This nanotech-based catalyst would put electric cars — among other ideas and products — on a much faster track.
From the link:
In the quest for efficient, cost-effective and commercially viable fuel cells, scientists at Cornell University’s Energy Materials Center have discovered a catalyst and catalyst-support combination that could make fuel cells more stable, conk-out free, inexpensive and more resistant to carbon monoxide poisoning.
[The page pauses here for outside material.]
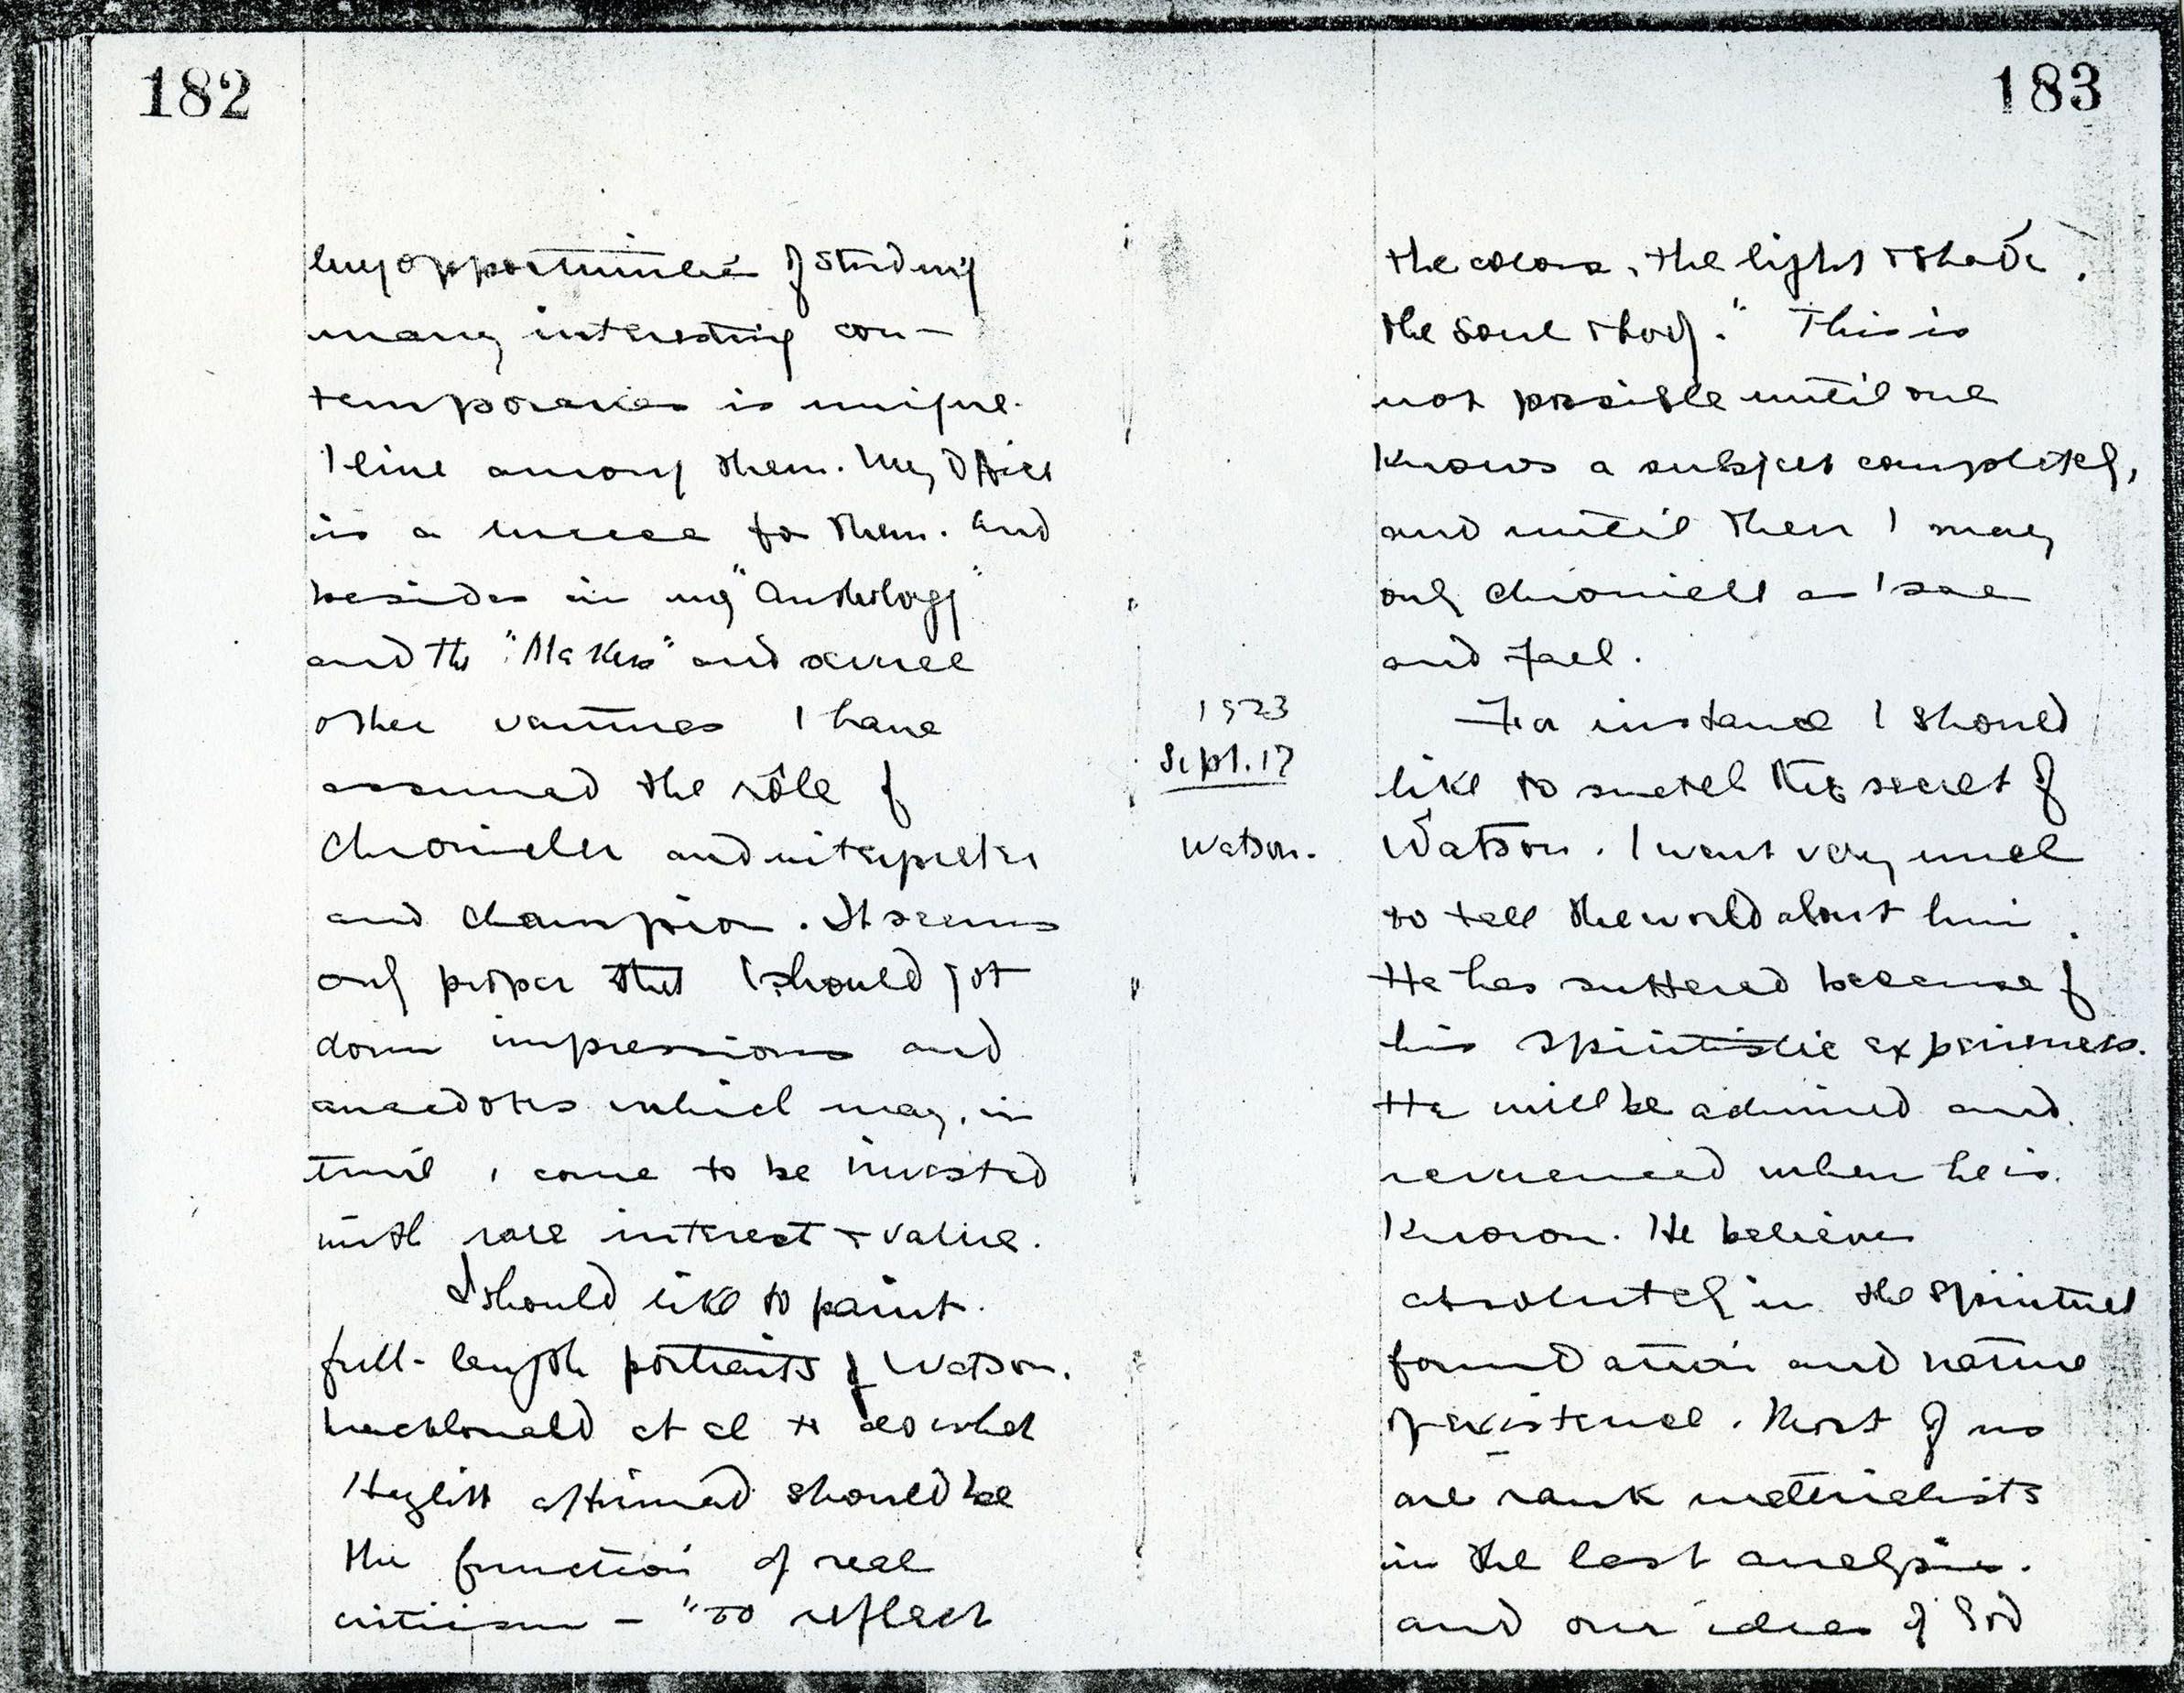 How To Writing An Autobiography Essay Kunstinhetvolkspark Nl
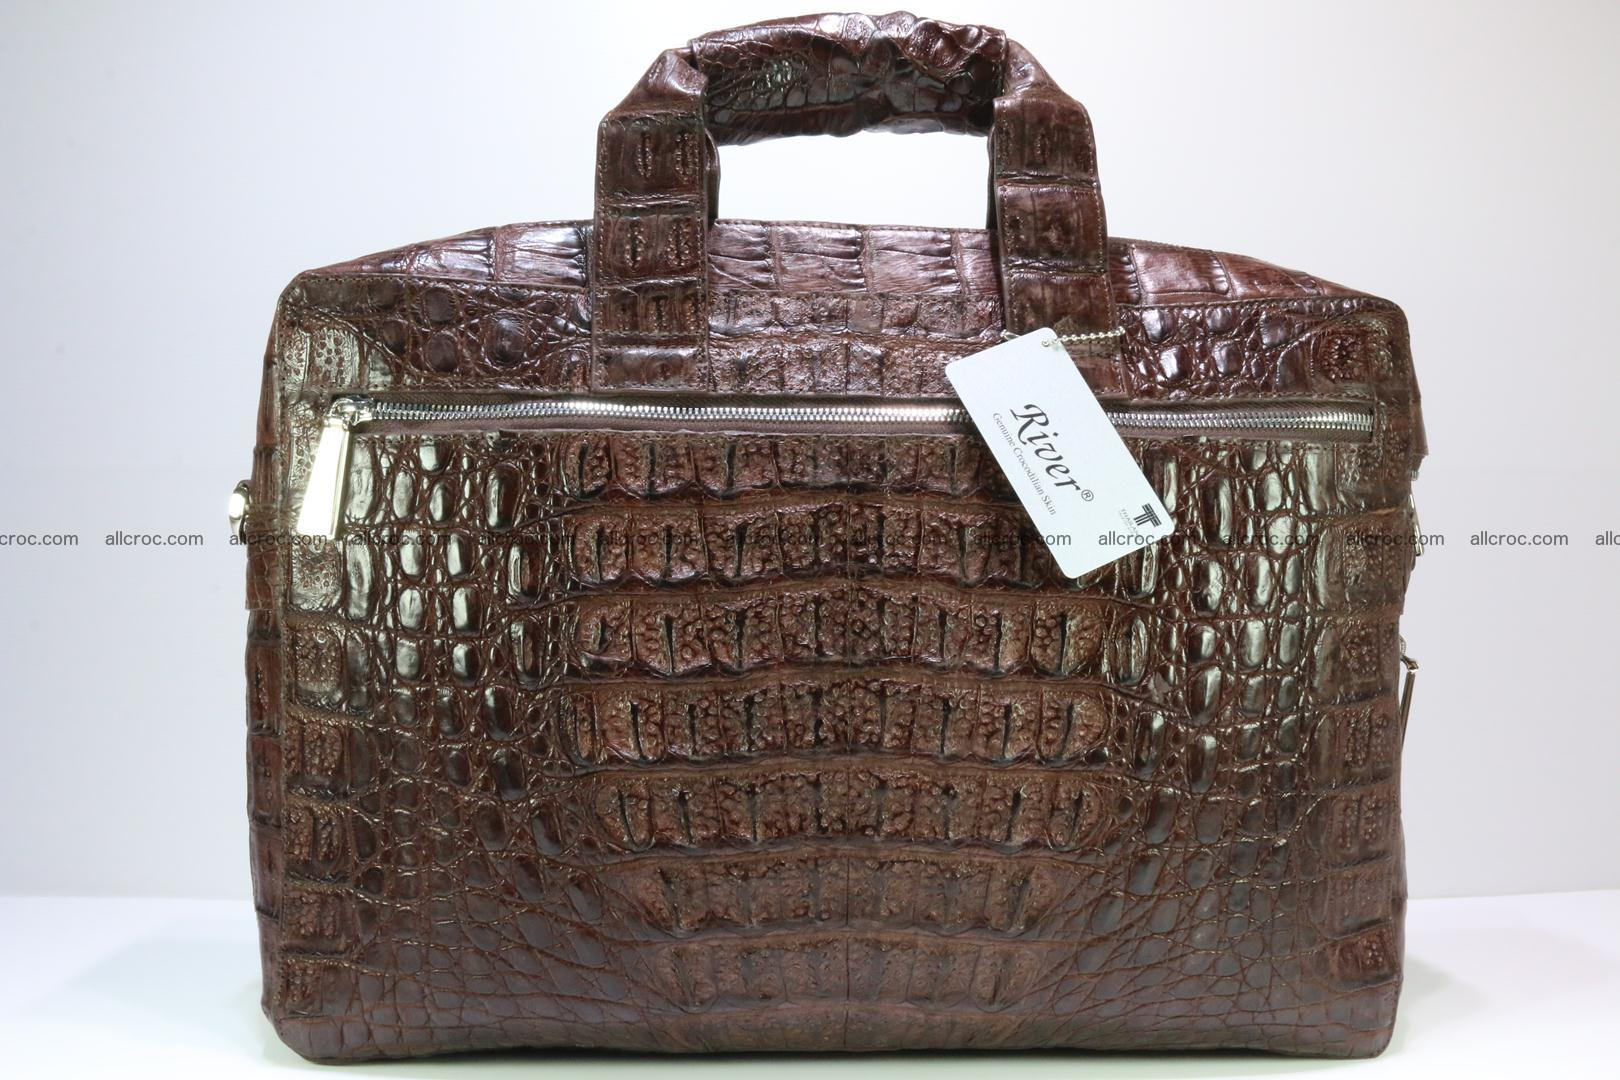 Crocodile skin handbag 126 Foto 1

The research, “Highly Stable and CO-Tolerant Pt/Ti0.7W0.3O2 Electrocatalyst for Proton-Exchange Membrane Fuel Cells,” (Journal of the American Chemical Society, July 12, 2010) led by Hector D. Abruna, Cornell professor of Chemistry and Chemical Biology and director of the Energy Materials Center at Cornell (emc2); Francis J. DiSalvo, Cornell professor Chemistry and Chemical Biology; Deli Wang, post doctoral researcher; Chinmayee V. Subban, graduate student; Hongsen Wang, research associate; and Eric Rus, graduate student.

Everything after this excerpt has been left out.